CoopEval: Benchmarking Cooperation-Sustaining Mechanisms and LLM Agents in Social Dilemmas

This repository contains the official implementation for the paper "CoopEval: Benchmarking Cooperation-Sustaining Mechanisms and LLM Agents in Social Dilemmas", published at ICML 2026.

It serves as a research framework for simulating societies of Large Language Model (LLM) agents interacting in mixed-motive games. The codebase enables the evaluation of how game-theoretic mechanisms—such as repetition, reputation, mediation, and contracts—can enforce cooperation among selfish, rational agents.

Overview of the cooperation-sustaining mechanisms evaluated in CoopEval.

📂 Project Overview

Social Dilemmas: Evaluate agents across six mixed-motive benchmarks—Prisoner’s Dilemma, Traveler’s Dilemma, Public Goods, Trust Game, Stag Hunt, and Matching Pennies.
Mechanism Stack: Toggle the baseline No Mechanism alongside Repetition, Reputation, Mediation, and Contracting to isolate how enforcement tools change incentives.
LLM Agent Benchmarks: Mix API-hosted and local personas configured under configs/agents/ to compare reasoning styles, safety guardrails, and latency/cost trade-offs.
Experiment & Analysis Workflow: Compose experiments with modular YAML, launch runs via scripts/experiments, and feed the resulting traces into the bundled judges and visualization utilities for post-hoc analysis.

🛠️ Installation

The codebase requires Python 3.12.

# Create a virtual environment
python3 -m venv .venv
source .venv/bin/activate  # On Windows use: .venv\Scripts\activate

# Install the package
pip install --upgrade pip
pip install -e .

# If you want developer tools as well (black, isort, ruff, ipykernel)
pip install -e ".[dev]"

If you plan to run local Hugging Face checkpoints, ensure your environment can access the weights (set MODEL_WEIGHTS_DIR in config.py if necessary).

🔑 API Configuration

This framework supports multiple LLM providers. You must provide API keys using either a .env file (recommended) or by exporting environment variables.

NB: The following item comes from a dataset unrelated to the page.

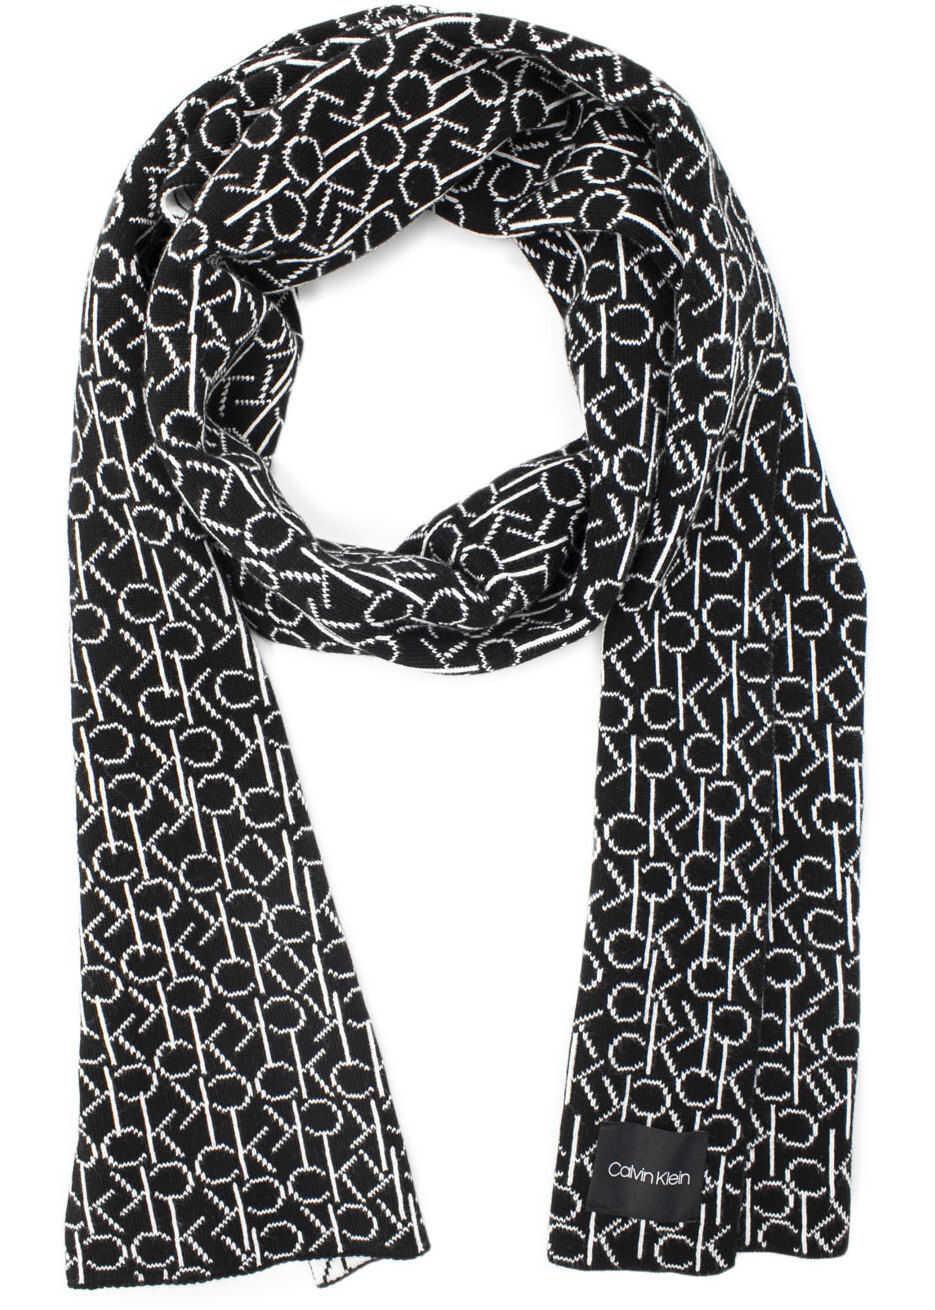 Calvin Klein K50K504102Blk Cotton Scarf BLACK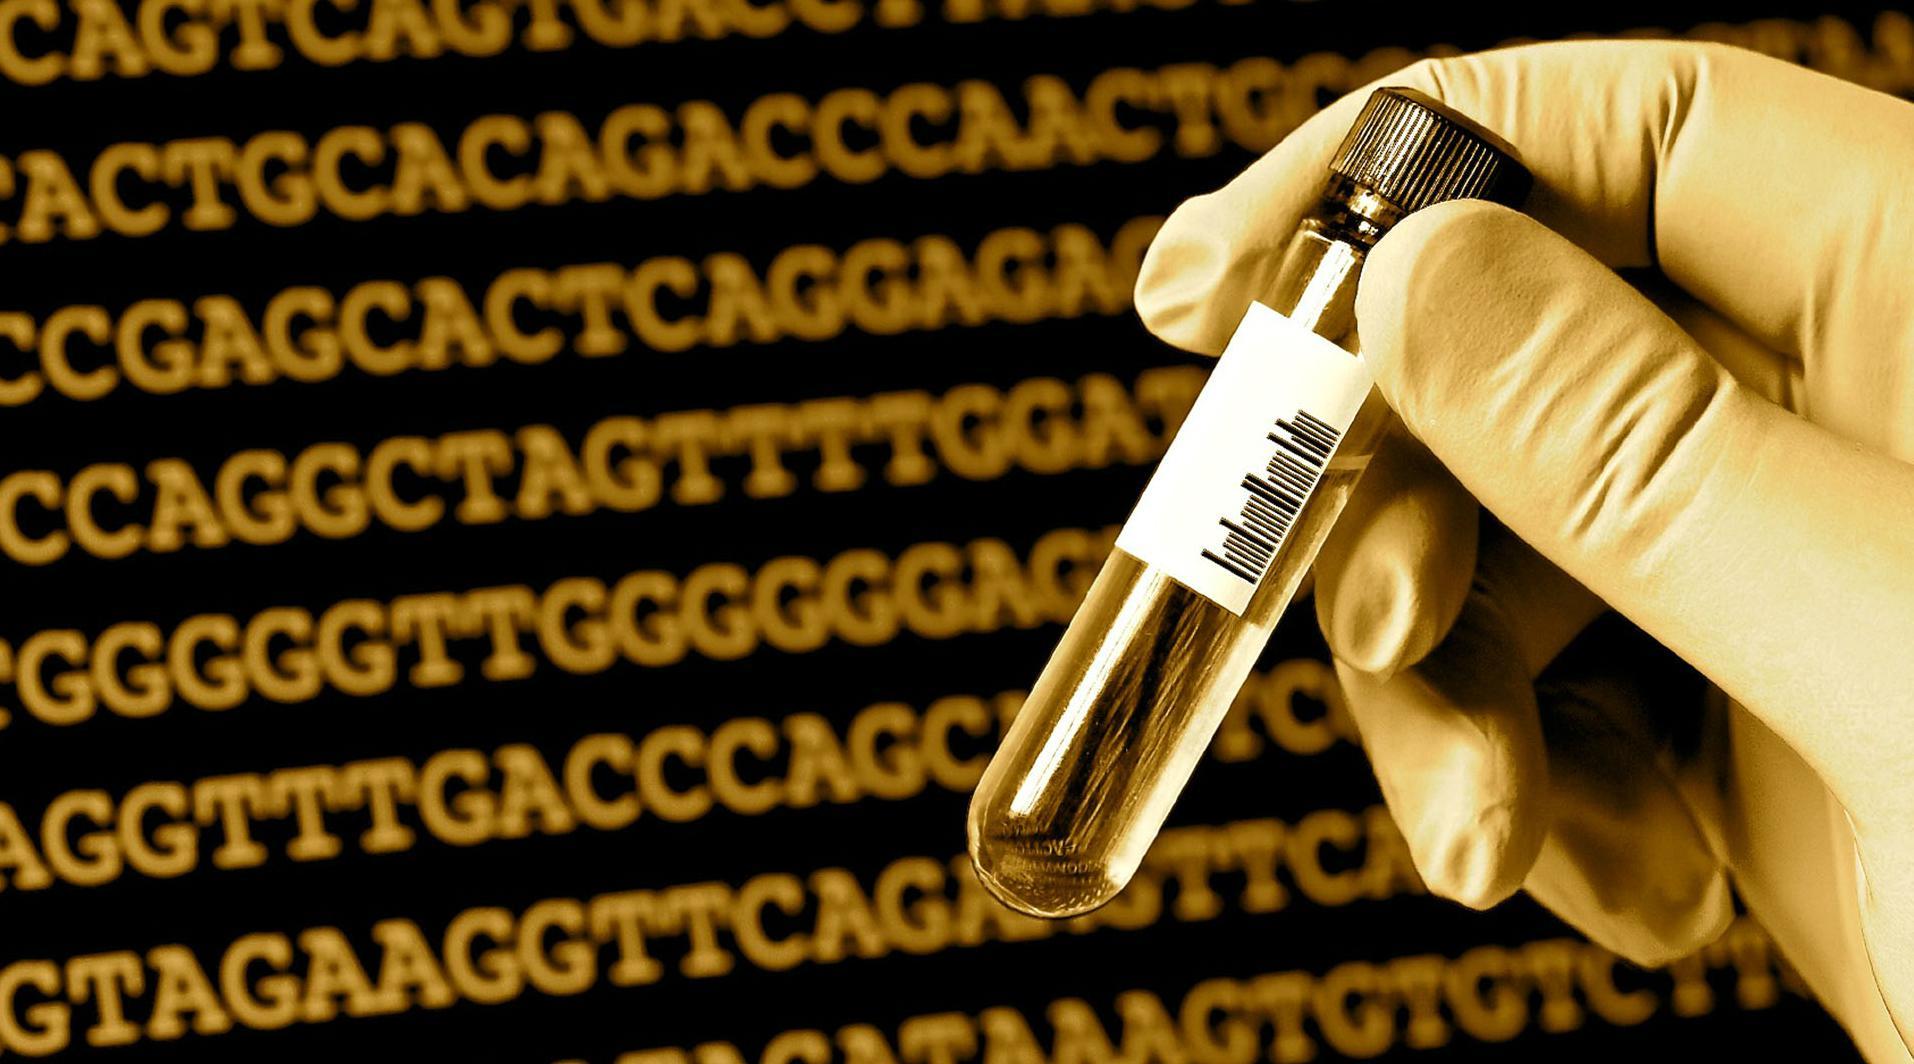 Эпоха синтетической биологии наступила: как взять от нее все?

Create a file named .env in the root directory:

OPENAI_API_KEY=your_openai_key_here
GEMINI_API_KEY=your_gemini_key_here
OPENROUTER_API_KEY=your_openrouter_key_here

🚀 Quick Start

To reproduce the main results, you can either run a single custom experiment or use the batch runner.

Run a Single Experiment

Pick the modular components you want to combine—everything under configs/ is swappable, so start with the shipped YAMLs or drop your own.

Choose component files:
- configs/games/*.yaml for the dilemma (e.g., games/prisoners_dilemma.yaml, games/public_goods.yaml, games/matching_pennies.yaml).
- configs/mechanisms/*.yaml for the enforcement setting (mechanisms/no_mechanism.yaml, mechanisms/repetition.yaml, etc.).
- configs/agents/*.yaml for the roster (agents/test_agents_6.yaml, agents/few_strong_llms.yaml, ...).
- configs/evaluation/*.yaml for downstream scoring (e.g., evaluation/no_deviation_ratings.yaml). If you need a custom model, game, or mechanism, copy one of these YAMLs, edit it in place, and keep it under the corresponding folder.
Create a tiny experiment stub that just references the component paths you selected (save it anywhere under configs/, e.g., configs/quick_start.yaml):

# configs/quick_start.yaml
game_config: "games/prisoners_dilemma.yaml"
mechanism_config: "mechanisms/repetition.yaml"
agents_config: "agents/test_agents_6.yaml"
evaluation_config: "evaluation/no_deviation_ratings.yaml"
name: "quick_start"
concurrency:
  max_workers: 4
  tournament_workers: 1

Run the experiment script:

python scripts/experiments/run_experiment.py --config configs/quick_start.yaml --output-dir outputs/

🧪 Post-hoc Justification Judging

Use the justification-judge adapter (backed by the bundled coopeval.llm_judge package):

python scripts/llm_judge/run_justification_judge.py \
  data/clean/run3 \
  --provider OpenAI \
  --model-name gpt-4o-mini \
  --output-name gpt-4o-mini_judge_run1

Notes:

Outputs are written under outputs/judge/<output-name>/raw/; you must provide --output-name (without extension) to control the slug. Raw files land in outputs/judge/<output-name>/raw/ as judgement.jsonl and judgement_summary.json, and the script prints those exact paths for use in downstream tools.
Default filters target explanation-rich decisions (--agent-type cot and --min-response-chars 80).
Use --max-workers N to enable parallel judging API calls.
The script is resumable: if output already exists, it skips previously judged trace_id rows unless --overwrite is set.
A summary JSON is generated next to the raw JSONL.

📊 Visualization Reference

All taxonomy/mechanism plotting commands (radar, heatmap, Sankey, etc.) now take only a run_name and auto-discover the necessary artifacts under outputs/judge/<run_name>/. See scripts/llm_judge/plotting/README.md for the one-liner invocation guide and optional flags.

⚙️ Configuration Glossary

Supported Games (`src/coopeval/games/`)

Class	Description
`PrisonersDilemma`	Two-player PD with configurable payoff matrix.
`PublicGoods`	N-player contribution game with multiplier $\alpha$ and redistribution.
`TravellersDilemma`	Two-player race-to-the-bottom parameterised by claims ${2..k}$.
`TrustGame`	Two-player sequential investment and return game.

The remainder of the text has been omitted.